After a four year wait, Jordan Spieth is hoisting some sizeable silverware once again.
Spieth collected his twelfth PGA Tour win at the Valero Texas Open, ending a four year winless drought. The three-time major champ’s last win came at the 2017 Open Championship.
Since then, it’s been a fight to find a swing that produces consistent results.
Here’s why he may have finally found his form.
First off, it’s important to point out that Spieth is one of the few players on the PGA Tour who is comfortable working the ball both ways. He can hit a twenty yard cut off the tee, followed by a subtle draw with his approach. That is an art, a lost one at that.
The issue occurred when he started to develop a two way miss. If a player can’t draw the ball, after years of doing so successfully, they can find one swing fault that will help them regain control and focus on that.
If you move the ball both ways, it makes the search for a single swing fault more difficult. Committing to one shot shape could be an option, but then you limit yourself to how you play certain golf courses.
One of the key indicators for how a player shapes the ball is the grip. The old rule of thumb: a weaker grip would produce a fade, and a stronger grip would produce a draw. Spieth can hit both - so is he weak or strong? You could argue he's both.
The 27 year old Texan has a very unconventional grip. Like Collin Morikawa, below, the hands are bunched together, with the left thumb stretching down the shaft, clamped in place by the right hand. The left is in a weak position, the right is strong (no need to change that).

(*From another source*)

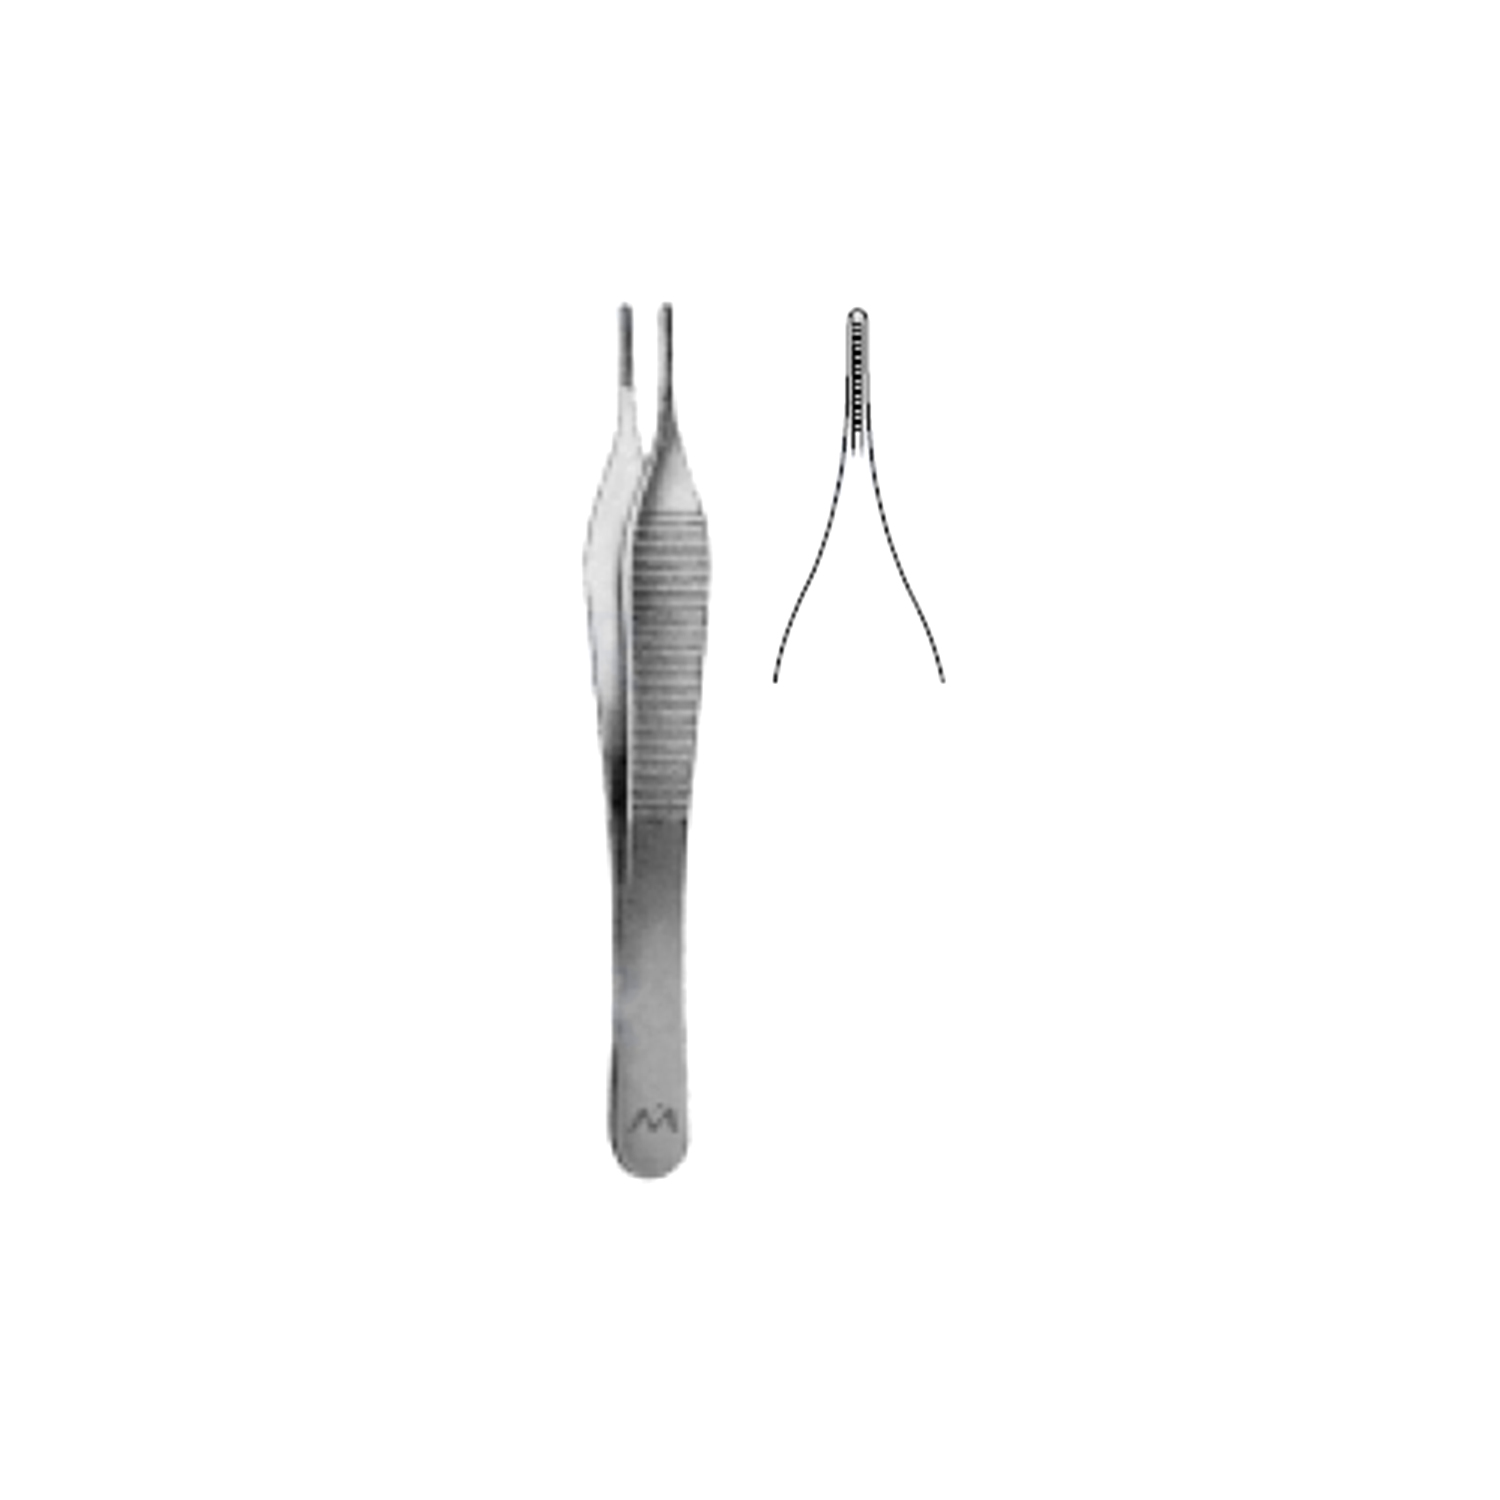 Marina Medical Adson-DeBakey Forceps - Straight, Atraumatic, 2.0mm Jaw 12cm/4.75in
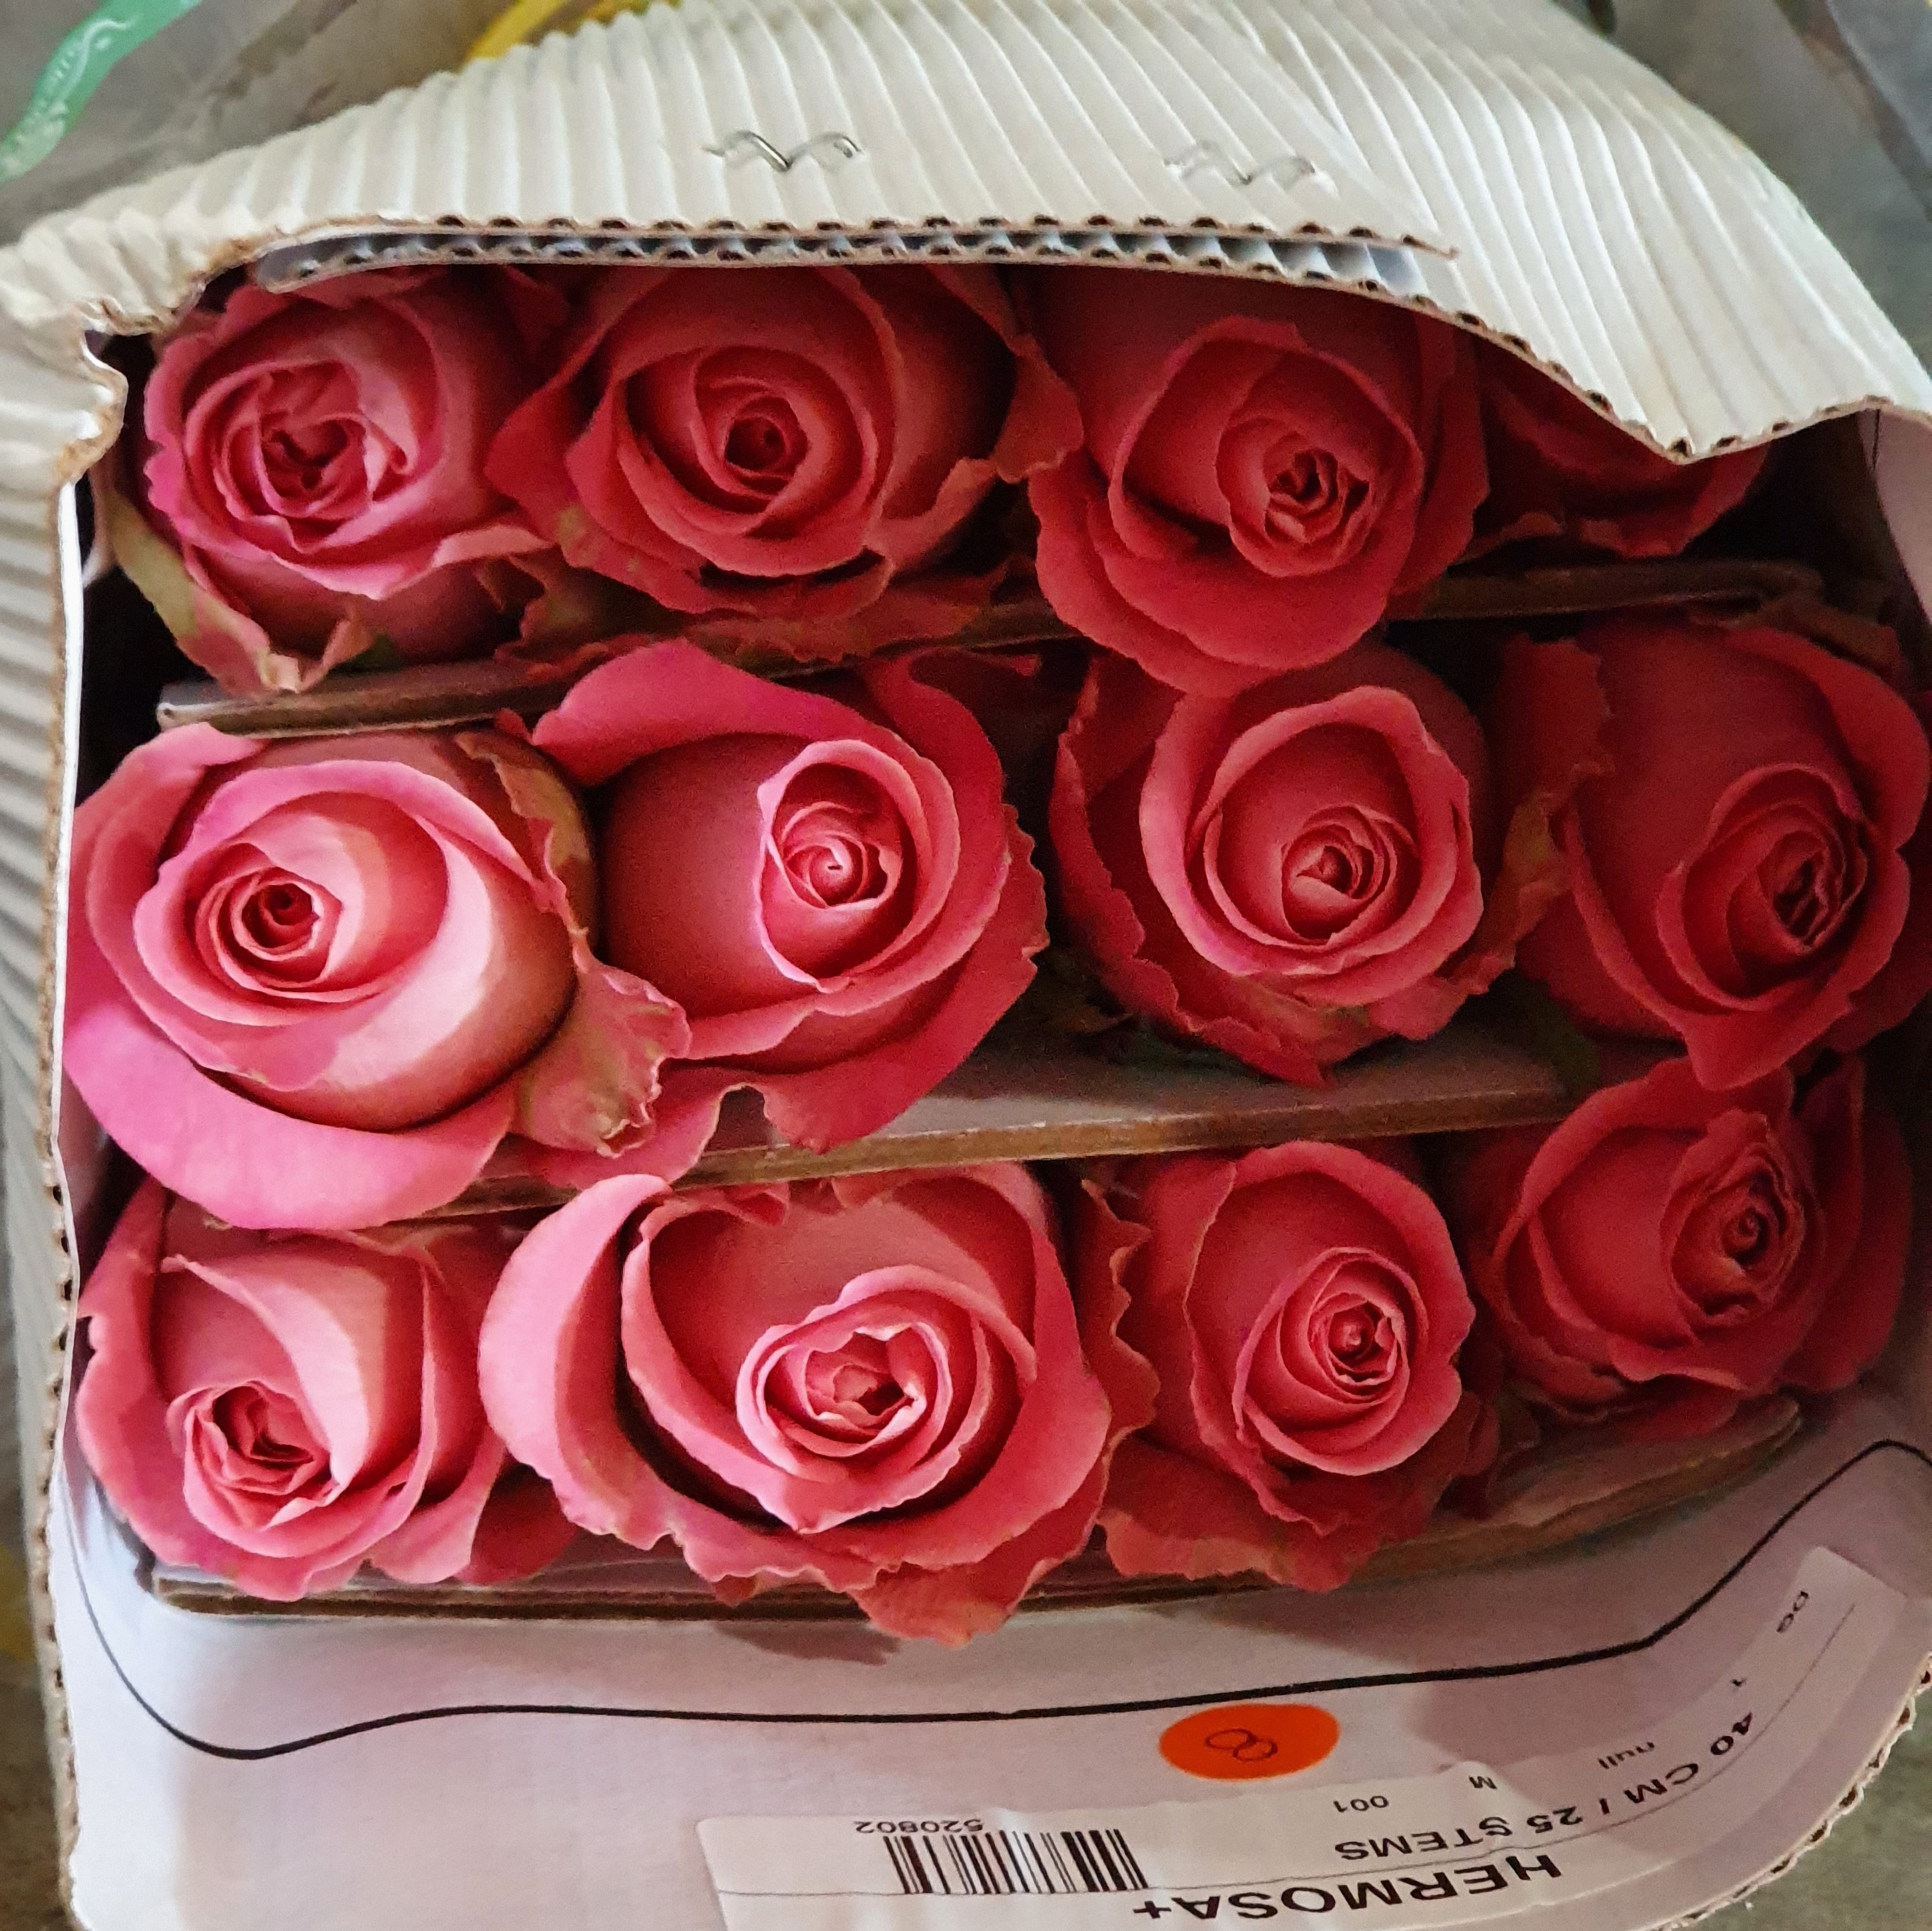 Pqt 25 varas 60 cms. Rosas Rosadas | Regalar Flores, Envio de flores, desayunos y regalos a domicilio

As he turns to the top, below, I like the way he uses his legs to load into the ground. The right leg straightens slightly, and his left knee flexes. The flexing of the left knee produces a loss of height in the backswing, so he can push off the ground in the downswing.
Tiger Woods, above, used to work on snapping the left knee in place to get the lower body moving, Spieth does something similar.
As he reaches impact, below, his upper and lower body have turned together. When he’s playing well, this will feel easy. But during his struggles, Spieth could be seen on the range working on his hand path during the downswing. This would indicate that he feels out of sync, and the hands are outracing the upper body.
I really believe that’s the nuts and bolts of it for Spieth. The fact that he pictures the ball moving both ways, confirms how talented a ball striker he really is. He just needs to find a feeling of synchronicity, with the upper and lower body working together.
He's now got a 'W' to go with the recent good form. There will likely be more to come.